Romantic relationships can be complex and challenging. When individuals come together, setting boundaries can be tough, and conflicts might come up. To help prevent conflict, here are 17 things you should avoid saying to your partner, as they can be toxic.
I Told You So
In any situation, this phrase is highly frustrating. It highlights your enjoyment at the fact that your partner is wrong and also displays a lack of empathy. A relationship where one party is always right can be extremely draining, so as tempting as it may be to say, ‘I told you so,’ you’re better off keeping quiet.
Why Can’t You Be More Like…?
One of the quickest ways for a relationship to go downhill is getting caught in the comparison trap. Whether you’re comparing your partner to exes, friends’ partners, or even just acquaintances, it is a huge knock to their self-confidence when they feel like you are unfavorably comparing them to someone else.
I’m Sorry If You Felt That Way
When you say this to a partner, it shows that you take no accountability for the part you played in your partner’s upset. Psychology Today says that a lack of accountability is a narcissistic trait. This type of behavior is extremely toxic in relationships, and you should always empathize with how you may have upset your partner.
You’re Too Much
For the right person, you’re never too much, so if you feel like telling your partner that they are ‘too much’, this isn’t the right relationship. For a romantic relationship to succeed, you need to love your partner unconditionally. Never make your partner feel insecure about who they are.
You’re Too Sensitive
Romantic relationships open up a whole world of vulnerability, and we allow our partners to see our more sensitive side. Sharing your weaknesses with a partner is a relationship strength, yet you can easily invalidate your partner’s feelings by telling them that they are too sensitive.
I Don’t Like It When…
Although it is extremely important in a relationship to voice your opinions and feelings, there is a way to go about it. Bluntly stating ‘I don’t like it’ can be pretty hurtful and easily disregards their feelings. For effective communication, criticism needs to be constructive rather than negative.
I Hate You
In the midst of an argument, we can automatically say, ‘I hate you,’ but we must remember that hate is a very strong word. Conflict is a natural part of a healthy relationship, and just because you don’t align with your partner at that very moment doesn’t mean you hate them.
You’re So Needy
It is easy to feel suffocated in a relationship, but telling your partner that they are too needy will really make them feel insecure.

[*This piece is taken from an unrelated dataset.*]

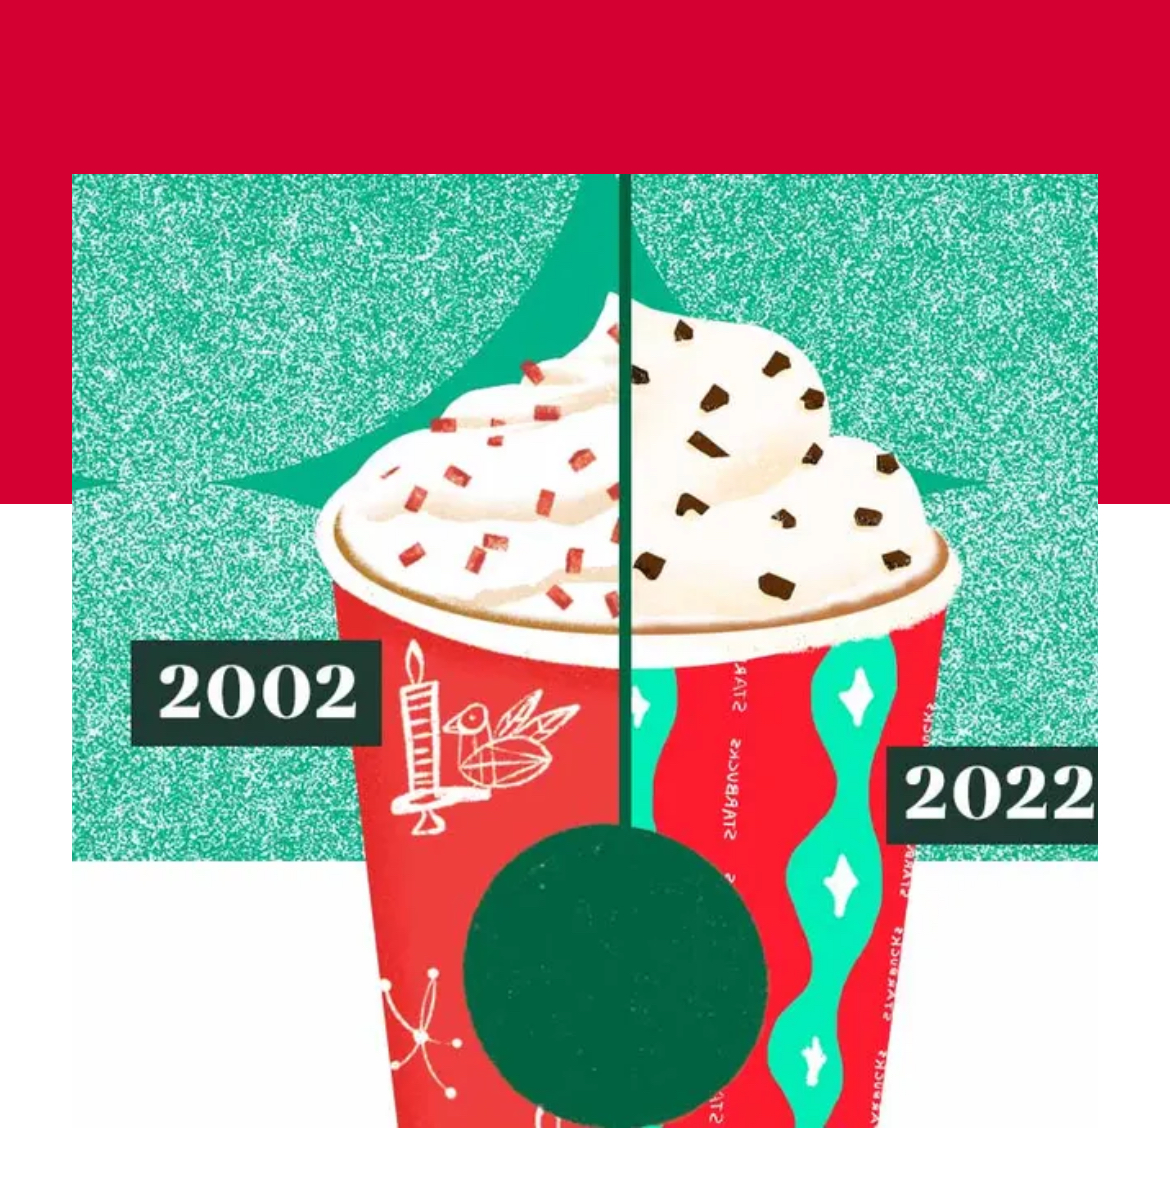 20+years+of+the+Peppermint+mocha.%0AIt+tasted+really+good+and+got+me+in+the+Christmas+spirit-Josh+Hill.

Shondaland says that the term ‘needy’ is an unfair label as relationships are built on the need for connection, and we are wired as humans to seek out this companionship.
You’re Nothing Without Me
It is easy to fall into the trap of viewing the two of you as one and not two individual people. However, this is a sign of an extremely unhealthy relationship and usually reflects an unbalanced power dynamic. This phrase is highly hurtful and can significantly impact self-esteem.
What Is The Matter With You?
Conflict is natural in a relationship, and you won’t always see eye to eye. However, when your outlook is different from your partner’s, their view is often seen as a fault. It is common to say, ‘What is the matter with you?’ but this lack of understanding can both belittle and shame your partner.
You’re An Idiot
One of the most common insults in a relationship is ‘you’re an idiot.’ Often used in moments of frustration, this saying is usually said on autopilot, but it directly insults someone’s intelligence. Frequently calling someone an idiot can make them feel insecure and display a lack of empathy on your part.
Do You Have Any Idea How Much This Cost Me?
While finances do play a major role in a relationship, this saying puts the relationship in a transactional light. This is extremely toxic in a relationship where one partner is the breadwinner and the other is a homemaker. It can make your partner feel like a financial burden or like they can’t be trusted with finances and material possessions.
Not Right Now
Once you are comfortable in a relationship, it is common for other areas of life to become more of a priority. Saying ‘not right now’ when your partner is trying to communicate with you shows that you value other things more than them. It invalidates your partner’s need for connection, which Psych Central says can make them feel unimportant.
I Don’t Care
Regardless of whether or not you agree or align with your partner’s thoughts and feelings, you should also respect them. When you say ‘I don’t care’, it comes across as that you don’t value them as a person. It shows a significant lack of interest, which is extremely hurtful and breeds a toxic environment.
You’re Overreacting
Reactions are based on how you feel in the moment, so if you feel like your partner may be blowing things out of proportion, take a back seat and try to understand why they may be reacting this way. It isn’t healthy to tell your partner that they are overreacting, as it undermines their feelings in a situation.
You Don’t Deserve Me
Romantic relationships are all about coming together as equals to form a life together. Unfortunately, a large number of relationships have an unhealthy power dynamic, and telling your partner ‘you don’t deserve me’ shows that you feel superior in the relationship. It is highly toxic to dent your partner’s self-worth like that.
Everything Is Fine
If this is true, sure, but when it becomes toxic, it’s when it’s not. Your partner needs to understand where you are coming from, so don’t diminish a situation by saying it’s fine, as they will never understand. CNBC says that saying everything is fine when it doesn’t make it difficult to resolve conflict.